Sandler's brand of philosophy, though, finds room for plenty of his customary pee-pee and doo-doo humor. He still likes to laugh at speech impediments and odd body parts. Talking dogs and bullying sibling rivalries command prominent places in his oeuvre. And his fifth film -- in which he plays the son of Satan himself -- interrupts itself constantly for pop culture gags, insults and inanities. Even as his box office has matured into the six-figure realm, Sandler remains preoccupied with inserting his two-cents' worth.

Sandler's Little Nicky is the son of an angel (Reese Witherspoon in the movie's best casting) and Satan himself (Harvey Keitel, a close runner-up). A convoluted set of plot devices send Nicky to New York City, where he falls in love (with a waiflike Patricia Arquette) and thus must confront a tough set of moral dilemmas. Adding to his problems: To save his dad from losing his throne, Nicky must do evil against his brothers (Rhys Ifans and Tiny Lister), both of whom aspire to become full-time devils themselves.

It's an interesting set of themes. Sandler, of course, treats most of them with quick laughs, many of them nervous and nearly all of them aimed below the navel piercing.

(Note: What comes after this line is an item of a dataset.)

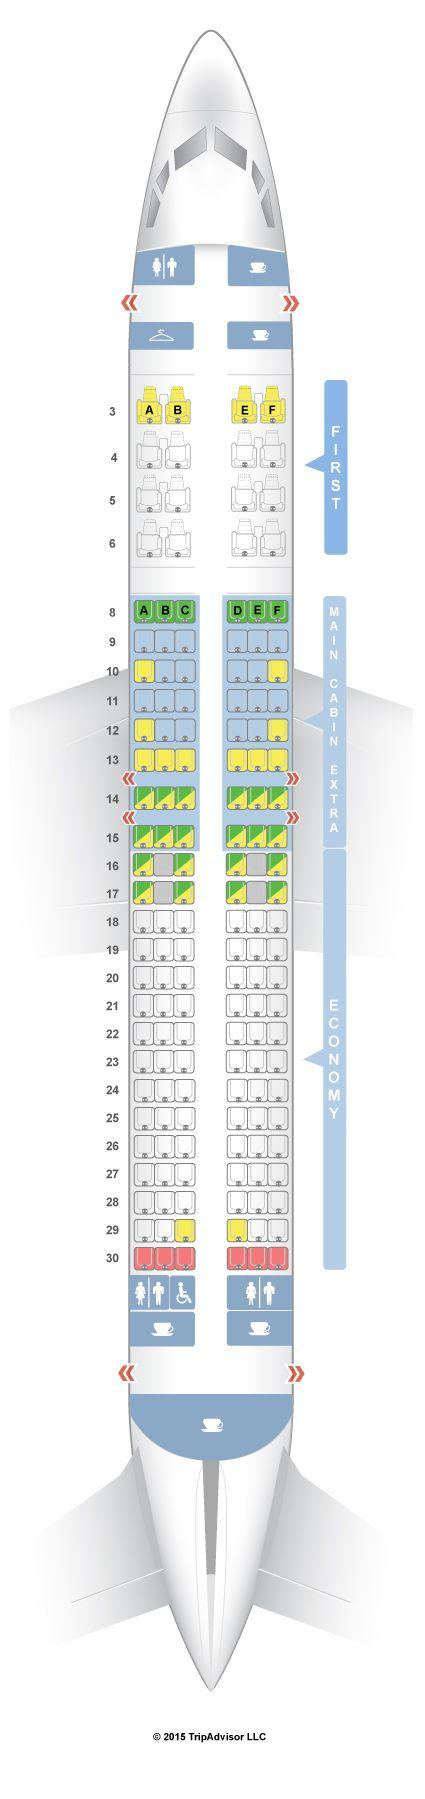 SeatGuru Seat Map American Airlines Boeing 737-800 (738) V2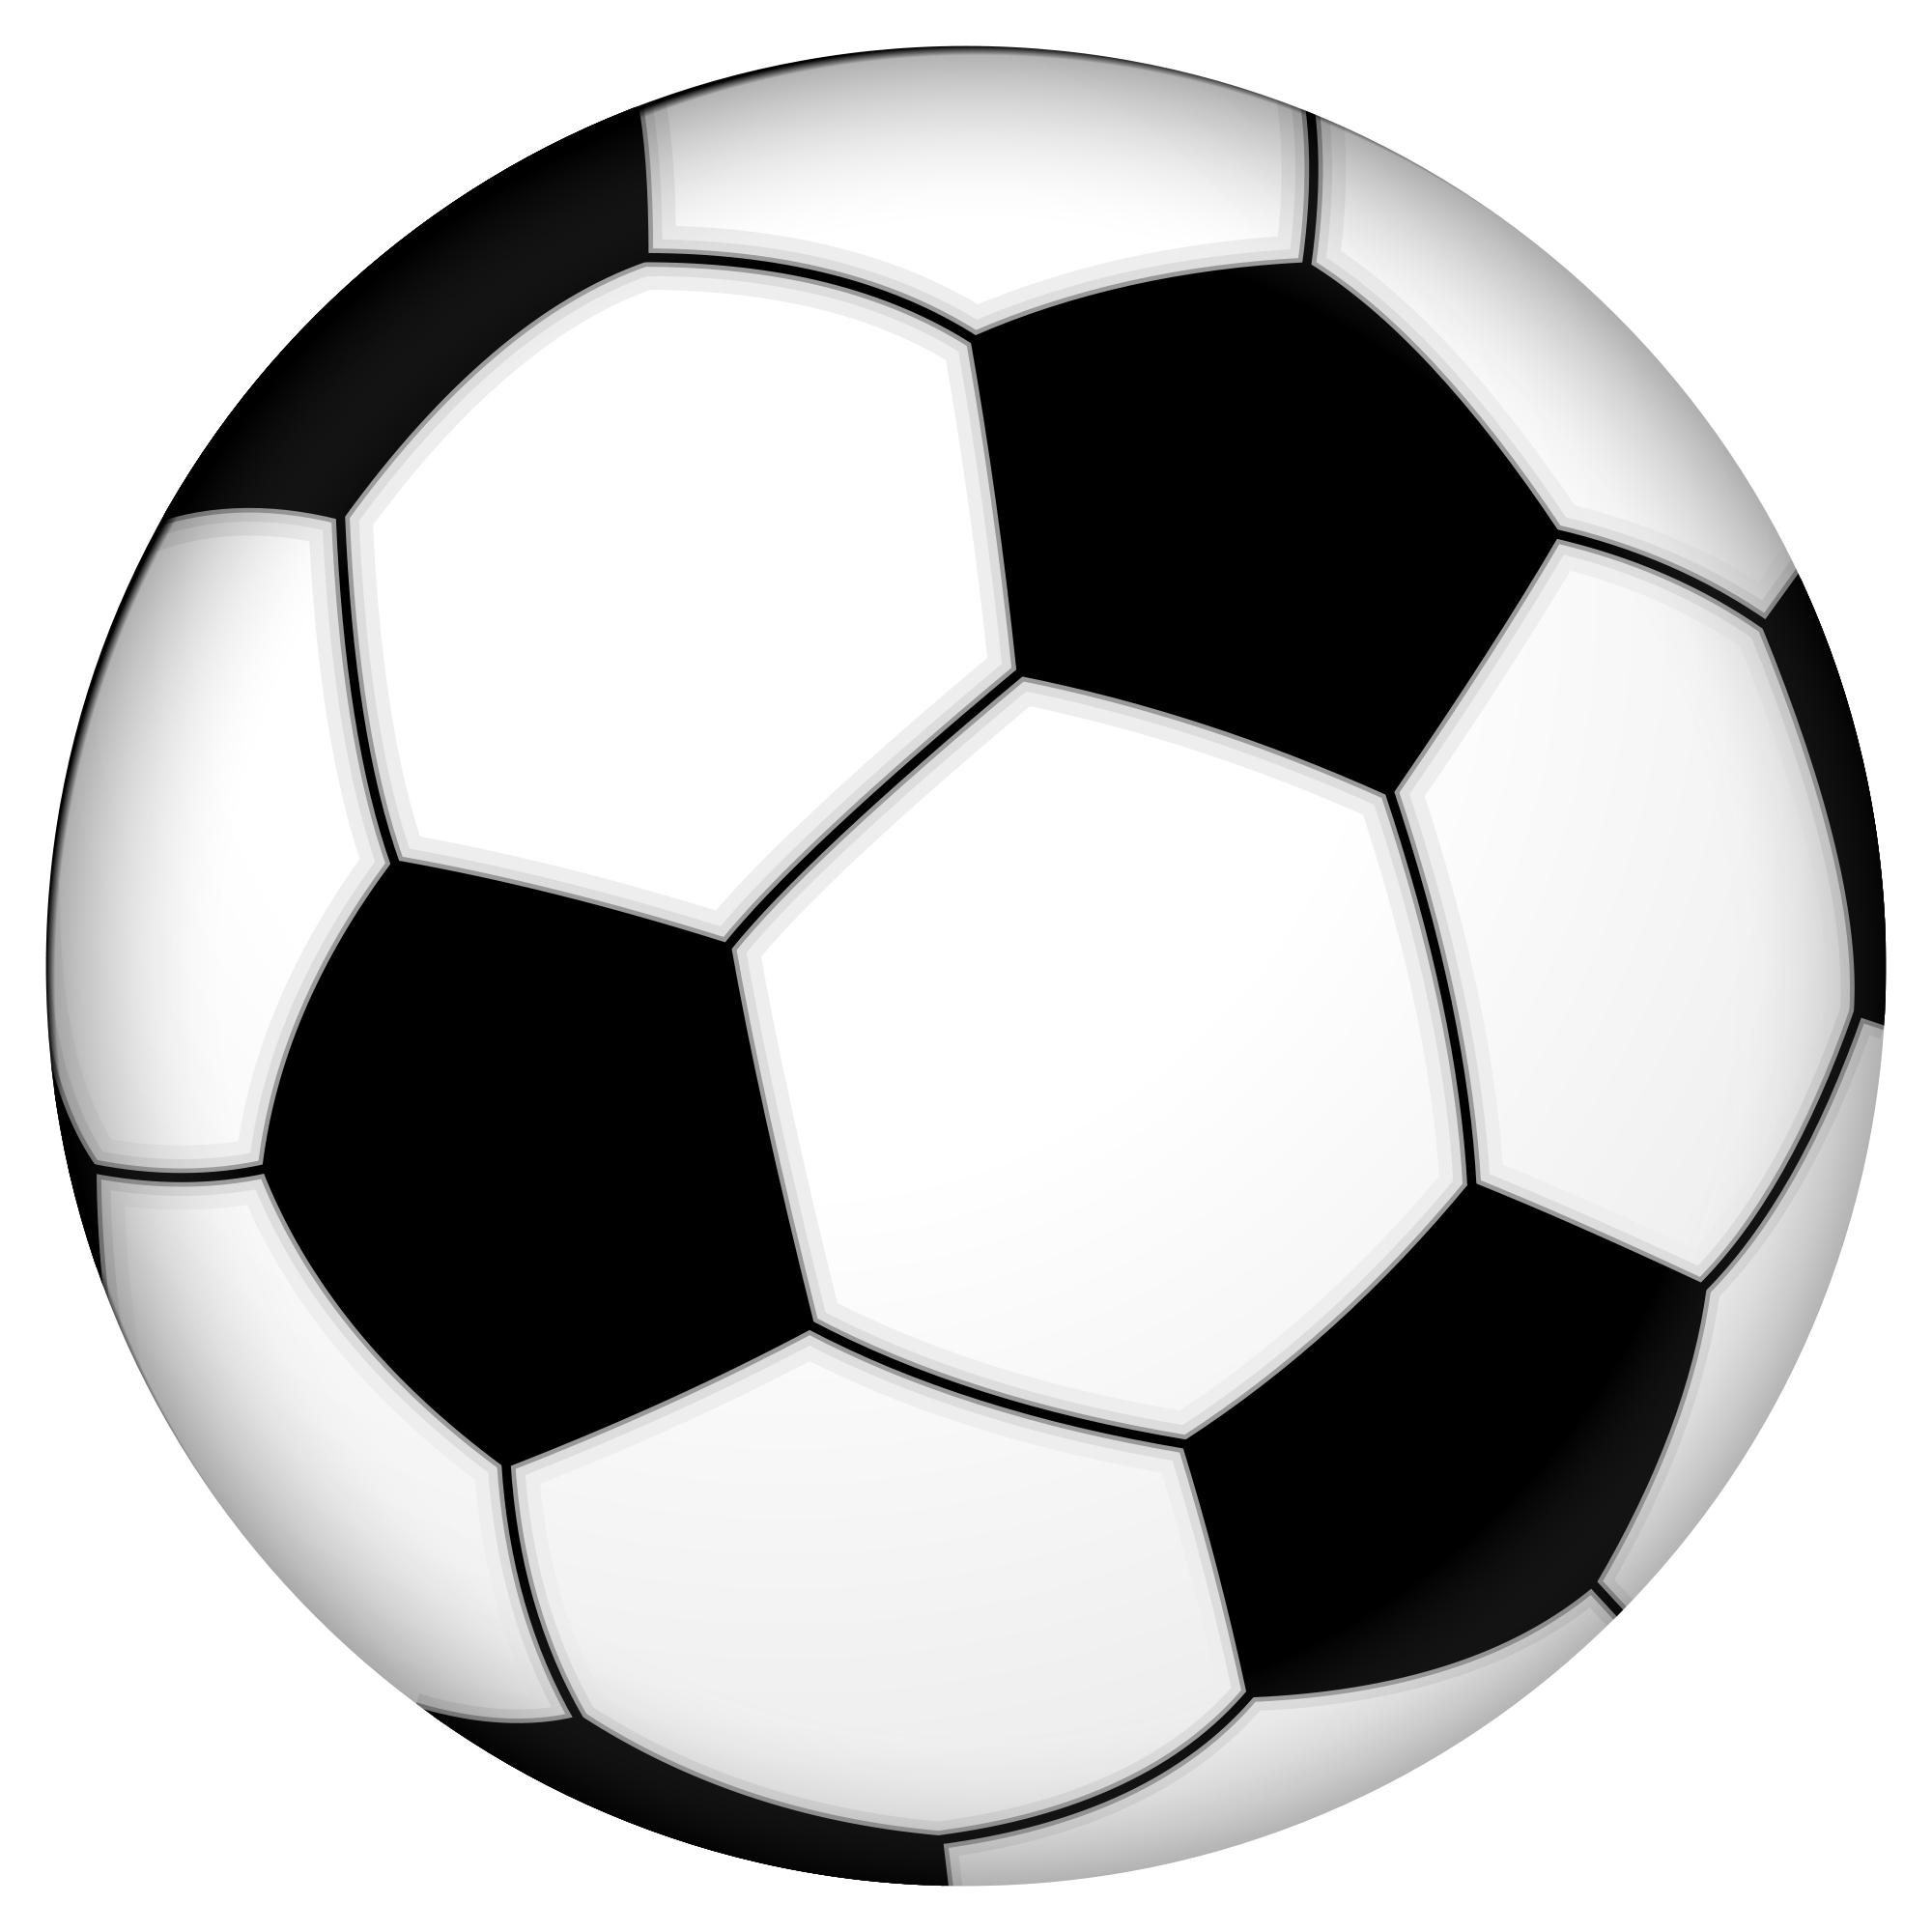 Kicking Soccer Ball Clip Art Clipart Panda Free Clipart Images

Then again, quick laughs aren't always bad laughs, and certainly not when they spring from cameos by the mismatched likes of Rodney Dangerfield, Michael McKean, George Wallace, Ozzy Osborne and Regis Philbin. "Saturday Night Live" alumni Dana Carvey, Jon Lovitz, Kevin Nealon and Mary Brill are also in attendance, and SNL animator Robert Smigel supplies the voice of Beefy, a talking bulldog. There's something for everyone, as long as "everyone" owns a baseball cap.

In a purely commercial context, "Little Nicky" proves that Sandler is keeping a careful eye on his competitors in the gross-out arena, the Farrelly Brothers. Regardless of its time-honored dramatic milieu, "Little Nicky" seems pleased as peas to be sassy, profane and dumb. And who expected anything different?